In this case assume ge 4-7 on each SRX is link aggregated to the same switch.  So node 0, 4-7 -> reth2 (lacp) -> Switch-A and Node 1, 4-7 -> reth2 (lacp) -> Switch-B.  Reth2 is attached to redundancy group 2.

 

If three ports in the lacp group for reth 2 fail, redundancy group 2 will fail over.  But here again, if three failed ports on are on node ONE while the RG is active on node 0, would THAT cause node 1 priority to fall to zero, or would the RG fail over to node 1, having three of it's four ports down?

 

Hopefully this is clear, what I mean.

 

Bottom line is, I'd not want failures of interface monitoring on the passive/inactive node for a RG to cause RG to fail to that node.

 

I guess the root of my question is a that I need a thorough technical understanding of how interface monitoring failures affect node priority, if that is the relevant mechanism here.

4 REPLIES 4
Highlighted
SRX Services Gateway
Solution
Accepted by topic author david.hostetter@tdcemail.com
‎06-29-2016 11:03 AM

Re: Redundancy Group - would inactive node's interface failures cause a failover?

[ Edited ]
‎06-28-2016 01:55 PM

Hi,

 

This document would help answer the questions:

http://kb.juniper.net/library/CUSTOMERSERVICE/GLOBAL_JTAC/NT260/SRX_HA_Deployment_Guide.pdf

 

With interface monitoring, the redundancy group has a default threshold of 255 [hardcoded]. Whenever an interface fails, the threshold gets reduced by the link weight. E.g in the redundancy group 1, if ge-0/0/0 fails, new threshold =  127 [255-128]. If the ge-0/0/1 also fails, threshold reaches 0, which makes node 0 priority to become 0 [ineligible], thus triggering redundancy group 1 failover.

 

If redundancy-group 1 is active on node 0 and node 1 interfaces ge-5/0/0 and ge-5/0/1 fail would that cause a failover from node 0 to node 1?

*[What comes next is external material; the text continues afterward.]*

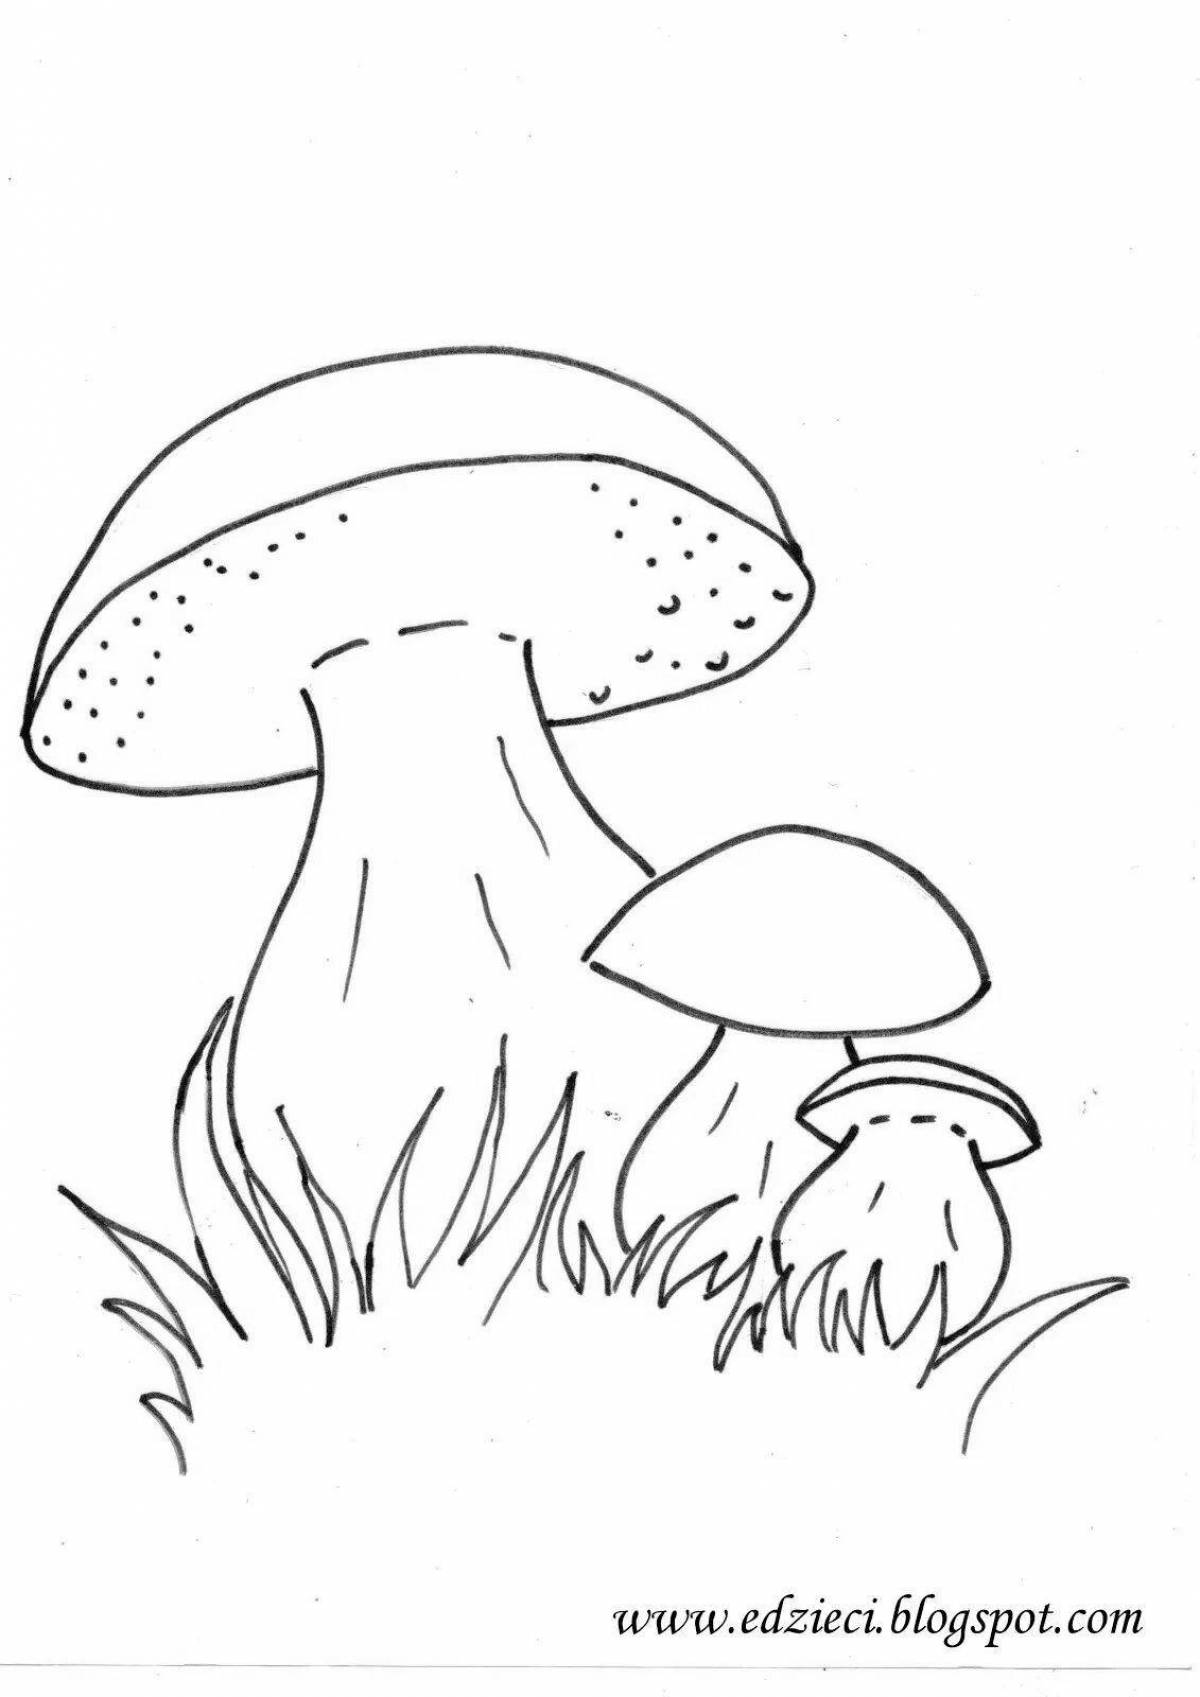 Coloring page charming mushroom boletus

--> Node 1's priority becomes 0 due to its threshold of 0 being reached. Node 1 is then ineligible for failover in the cluster. This cannot cause failover from node0 to node1 for redundancy group 1.

Even if node 0's interfaces fail, node 1 with priority being 0 would still be ineligible for failover. This would result in complete reth1 failure.

 

Hope this helps.

 

Cheers,

Ashvin

 

Highlighted
SRX Services Gateway

Re: Redundancy Group - would inactive node's interface failures cause a failover?

‎06-29-2016 11:09 AM

Ashvin,

 

This is the concept I was lacking:  "Node 1's priority becomes 0 due to its threshold of 0 being reached"

 

If that is the case, then the situation is very clear.  However I cannot find this documented anywhere.  Even in the document you linked, redundancy group is described as having one threshold, not each node having a separate redundancy group threshold.

 

So, I am still left with a question of if the interfaces in a redundancy group on the currently secondary node fail, wouldn't their weights be subtracted from the redundancy group and if threshold of zero is reached for the redundancy group, cause a failover to that secondary node, whose interfaces have failed?

 

I am going to test this now and see which way it works.

Highlighted
SRX Services Gateway

Re: Redundancy Group - would inactive node's interface failures cause a failover?

[ Edited ]
‎06-29-2016 11:39 AM

Ok, it works as you have described.  Clearly in the 'show chassis cluster information', each redundancy group has a separate weight per node.

 

Maybe I am exhibiting poor reading comprehension but I have read a number of junos documents over the years and this has escaped me.  All our testing is always failing the currently primary node to secondary, I never considered what would happen to redundancy group if secondary node interfaces failed.

 

All this is maybe esoteric until one considers assigning weights.  The thing to keep in mind is you are assigning weights PER NODE to subtract from 255.  So back to my original example:

 

      ge-0/0/0 weight 128;
      ge-0/0/1 weight 128;
      ge-5/0/0 weight 128;
      ge-5/0/1 weight 128;

 

One might think that if ge-0/0/0 and ge-5/0/0 both failed, subtract those weights from 255 and this would cause a failover.  But that would not make any sense in the real world.

 

I understand now that it is 255 per redundancy group per chassis/node and you subtract a failed interface's weight from the weight of that interface's chassis's redundancy group instance.

 

And the idea that a redundancy group instance on a node reaching weight of zero, merely changes that node's priority for that redundancy group to zero and it is the change in priority weights that cause the failover, not the redundancy group per se, that is kind of subtle and something I hadn't seen documented before.  Thanks for the link, I had not seen that document previously.

 

This all makes perfect sense.  Thanks again!

 

 

 

Highlighted
SRX Services Gateway

Re: Redundancy Group - would inactive node's interface failures cause a failover?

‎06-29-2016 12:16 PM

Hi,

 

Yes, each node has a threshold of 255 for the redundancy group.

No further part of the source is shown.